I lie on the floor with the light off. It's not entirely dark — the surroundings are pixelated, akin to the low-quality blackness in a Youtube video. My forehead and nose touch the laminate, which is neither hygienic nor comfortable. Yet recalling how I ended up in this position is still too challenging for my brain. For now, it may be safer to just stay where I am.
As my eyelids, succulent and flushed like rotting fruit, slowly fall back over my eyeballs, the dark pixels mutate into multi-colored sticks which remind me of the bacteria Bacillus subtilis (commonly found in soil and the gastrointestinal tract of ruminants, humans, and marine sponges), or my friend JP’s phosphene paintings. He rubs his eyes when seeking inspiration, stimulating the cells in the retina to create new patterns behind his eyelids which he later transposes onto canvas. As a birthday gift, JP gave me a painting of orange sticks in a purple vacuum. He mentioned catching conjunctivitis while working on it, which added another layer of sophistication to the artwork.
I’m melting. There is a growing puddle under my face. It’s warm and comforting. Inside my suspiciously numb body, thoughts of death emerge. However, it’s not my own death I’m thinking of, but the demise of Cheems, the orange dog from memes. The fate of celebrity housepets is similar to that of autocratic tyrants who deceive people into believing they will live forever. Yet, unlike autocratic tyrants, we low-key wish for internet pets to be immortal. Now that Cheems is gone, where did his little orange soul depart to?
An elderly lady from my neighborhood once told me that she believed in a place beyond the rainbow where deceased dogs wait for their owners to join them. She promised to share more information about this place, but never did. Nevertheless, I have some insights into Cheems' journey into the afterlife.
It begins on an operating table in a Kowloon veterinary clinic, where our housepet hero is “needled into sleep within the space capsule of his own body, set adrift on a trajectory which will take him towards the singularity of a massive DMT surge in which everything accordions into a Menger sponge of memories and apparitions, vaporwave greed corridors that intersect to form a mirror maze of other dogs that look exactly like him but weirdly have no buttholes — have no buttholes to speak of, and thus no real smell.”

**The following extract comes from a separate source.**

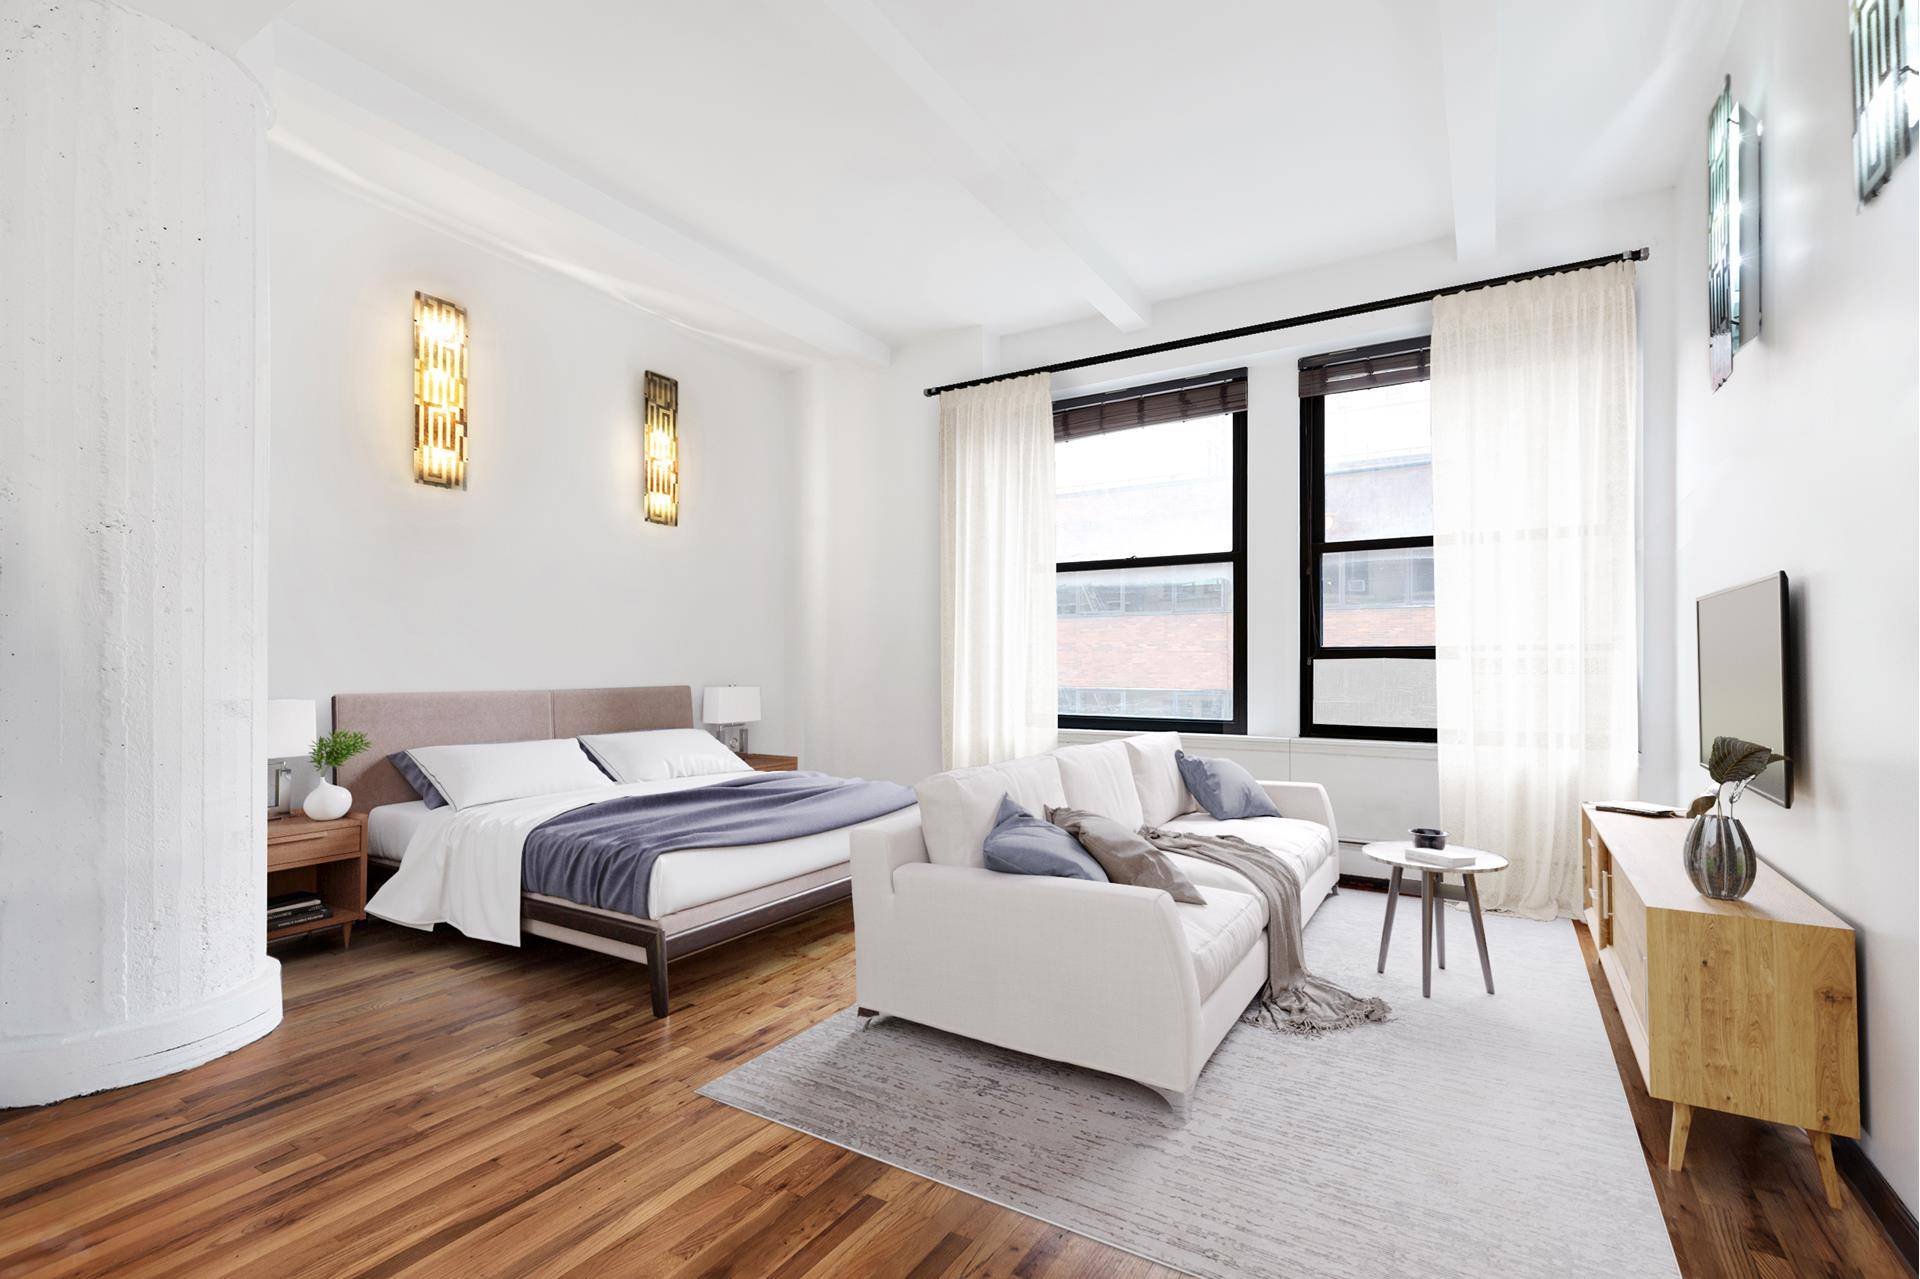 Large Alcove Studio the Iconic 250 Mercer is sure to impress located in one of the most coveted buildings in Greenwich Village NOHO.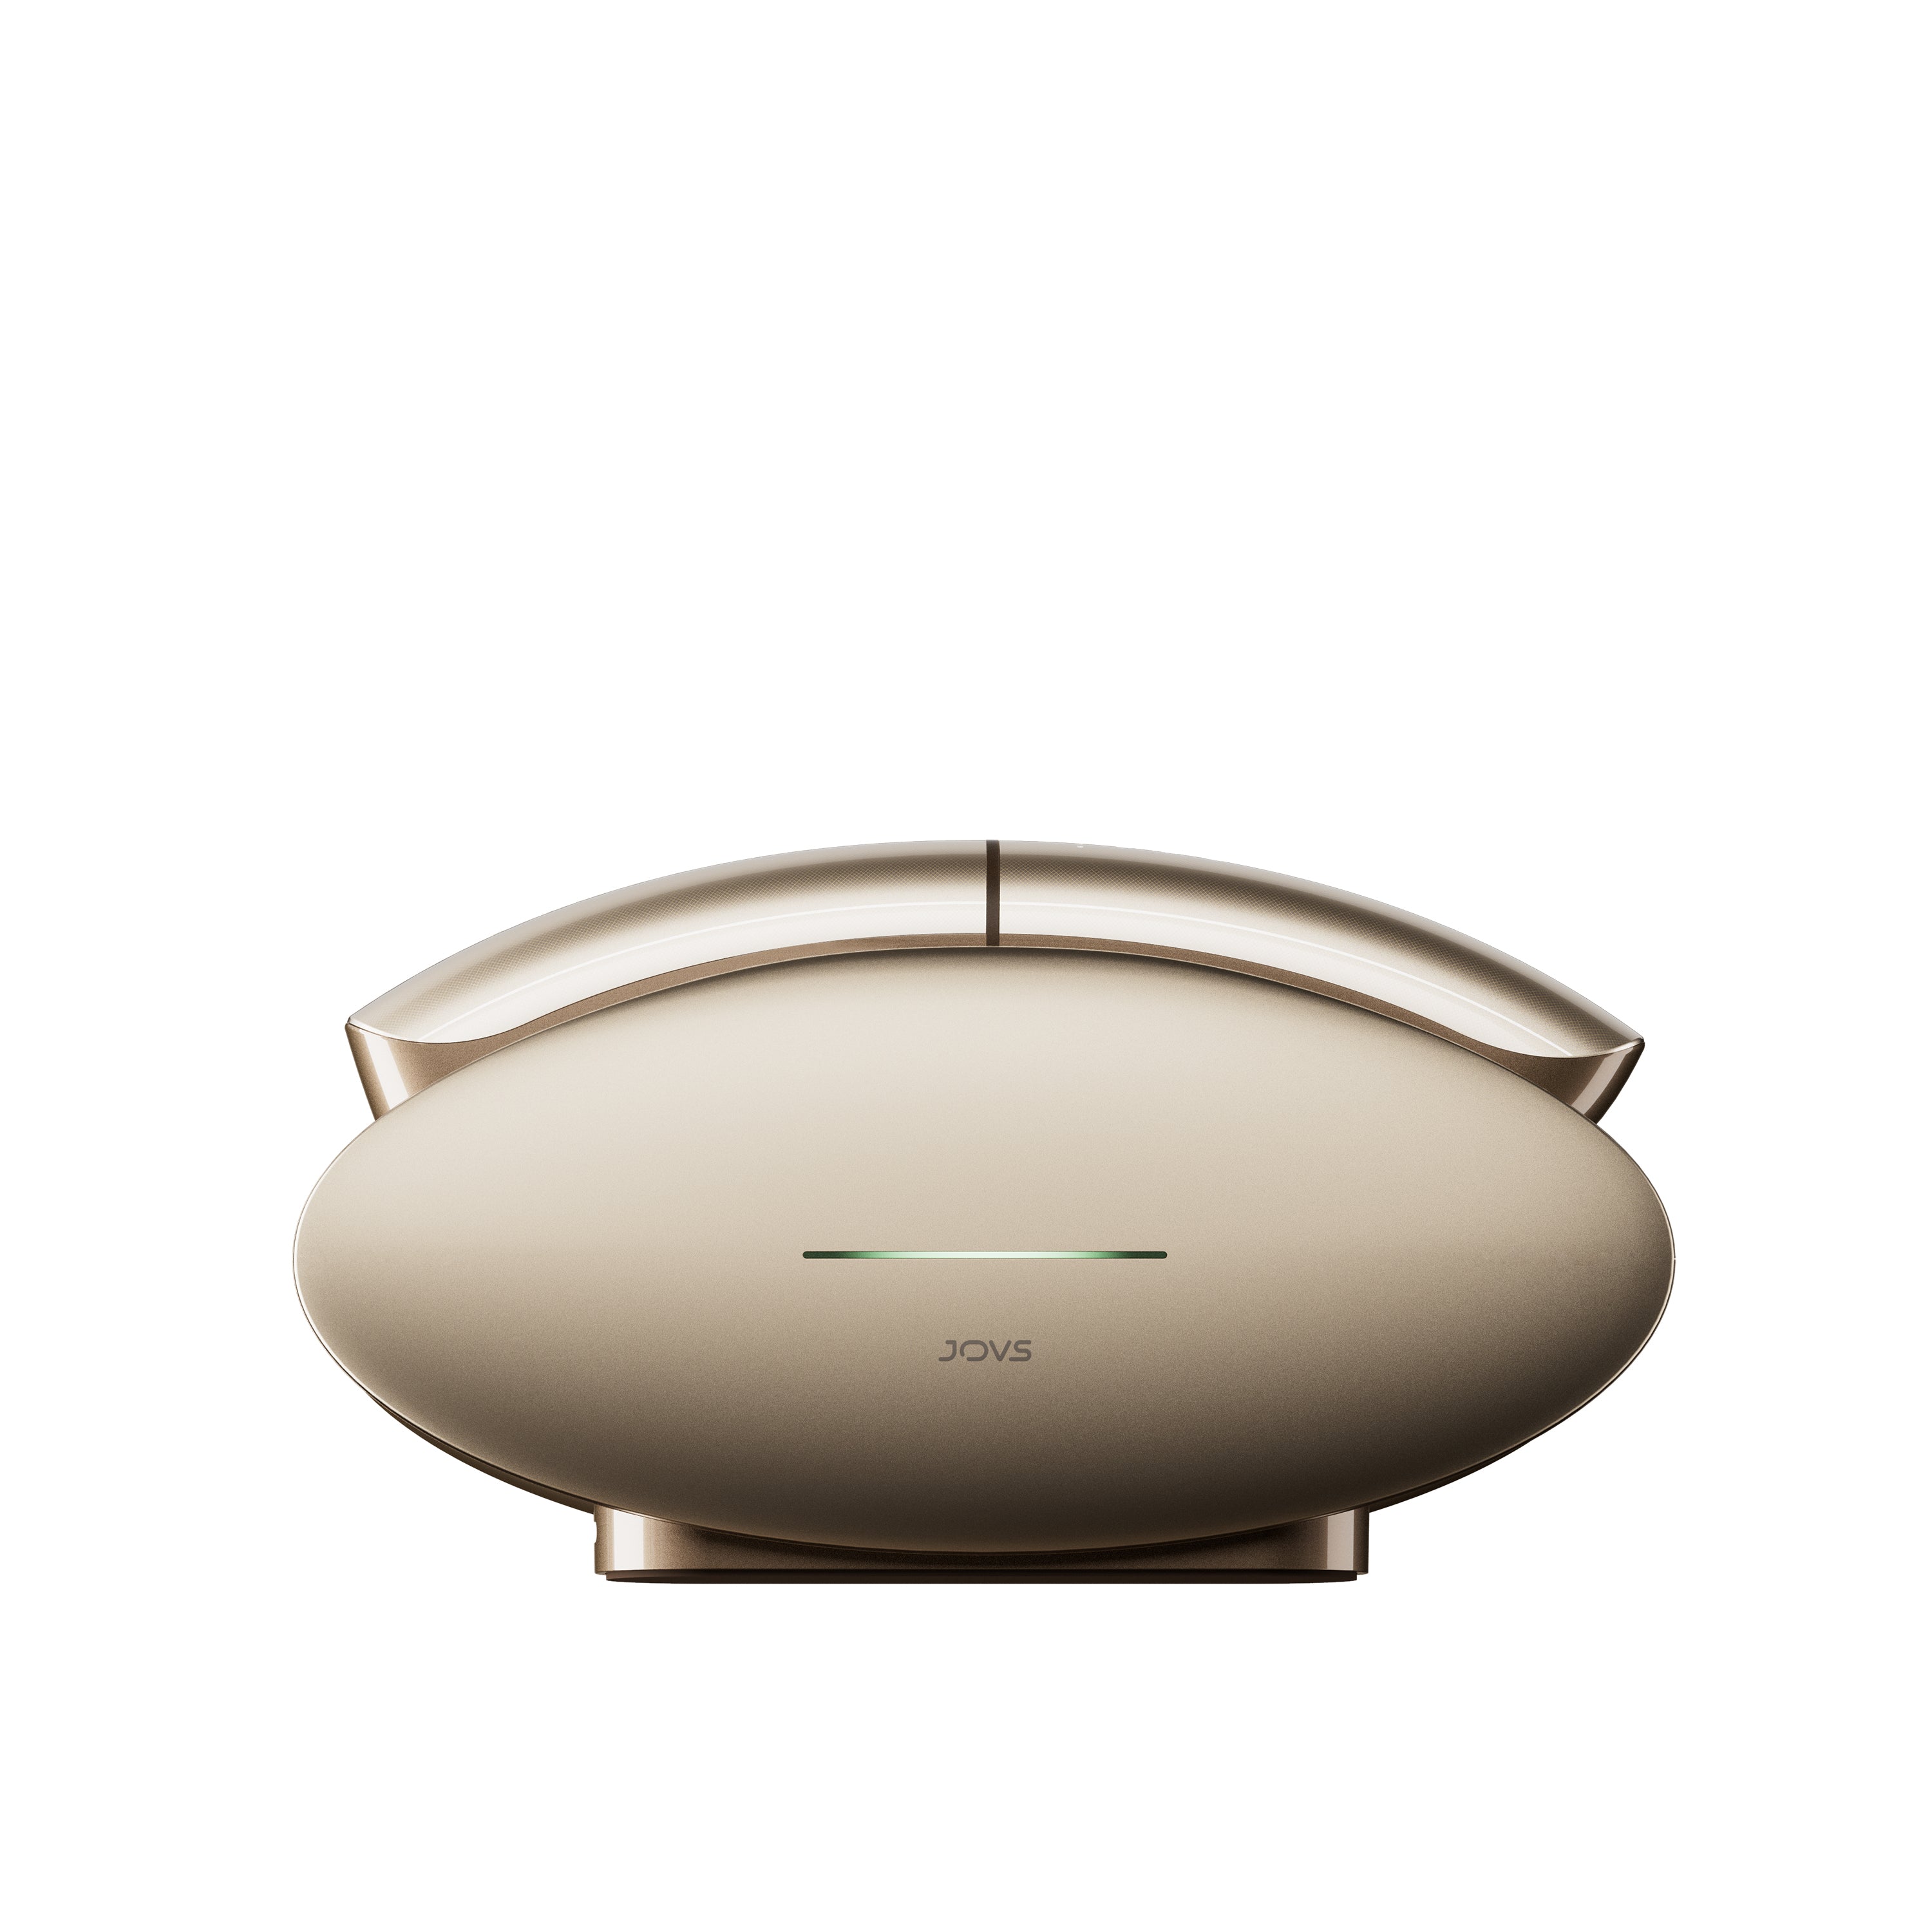 JOVS Slimax Microcurrent Full-Body Anti-Aging Device in Gold.

The scentless, somewhat dystopian limbo of Shiba City is where the meme hero finds himself after his physical departure in Maggot Mush's story 'Funeral Arcade of Doges.' Joining a parade led by the dog-things, Cheems’ uncanny doppelgangers, our protagonist goes past call centers, the offices of gut-health pyramid schemes, and billboards promoting high-quality Doge merchandise in ALL-CAPS COMIC SANS. Unyielding capitalist hyperrealism makes this Shiba purgatory feel oddly like home. Cheems, a good boi, remains blissfully unaware of his own image, having 'never passed the mirror test,' and doesn't realize that he is the one being honored in the funeral procession. Somewhat confused but optimistic, he follows the pack of buttholeless dog-entities to the place where his astral destiny will be determined.
'Funeral Arcade of Doges' is anthropological science fiction that reveals the thick layer of existentialism behind the deliberately unserious culture of internet memes. The burial procession for Cheems echoes the tradition of Ji-Ling, the 49-day Taoist mourning period aimed at protecting and guiding the deceased on their journey into the next life. Will Cheems’ soul be digitized when he is turned into a full-scaled abstraction? Is there life after the internet? Is there death after the internet?
In the quest to find an alternative to traditional denouements, Cheems throws down a challenge to the false binary of a system that merely presents an illusion of choice. “Bright and cold or warm and dark? The underworld or outer space?” He senses that there should be a third path that would fully embrace the idea of spectrality — an unplace for abstractions like himself, albeit a smelly one.
The puddle under my face is growing colder, pleasantly refreshing my left cheek. I lift my eyelids and let my gaze penetrate the dense visual rush of expanding pixels. The blurry light stain is my white leather armchair. Within it is my dog, a dark silhouette with flapping ears, observing me from an upward perspective, enjoying our role reversal. I have fainted, and landed face-first. The puddle beneath me is iron-flavored. I run my tongue along the upper row of teeth to check if I'm missing any. The teeth are where they should be, but my nose seems dangerously melded with the floor, as if I’d been attempting to smell Cheems’ butt through the dimensions of the living and the dead.
For a brief moment, as my mind drifted afloat in the turbulent waters of unconsciousness and the fragile form of my physical body was pinned to the floor by gravity, I met him—my favorite meme. I could bid a farewell to him and everything not supposed to transcend the temporal boundaries of 2023.
Bye bye fren!
“Your image was a container for a multitude of human experiences and affects: you were a meme and a public figure and a mirror and a comfort object in the digital space, and all of this was unknown to you and will go on.”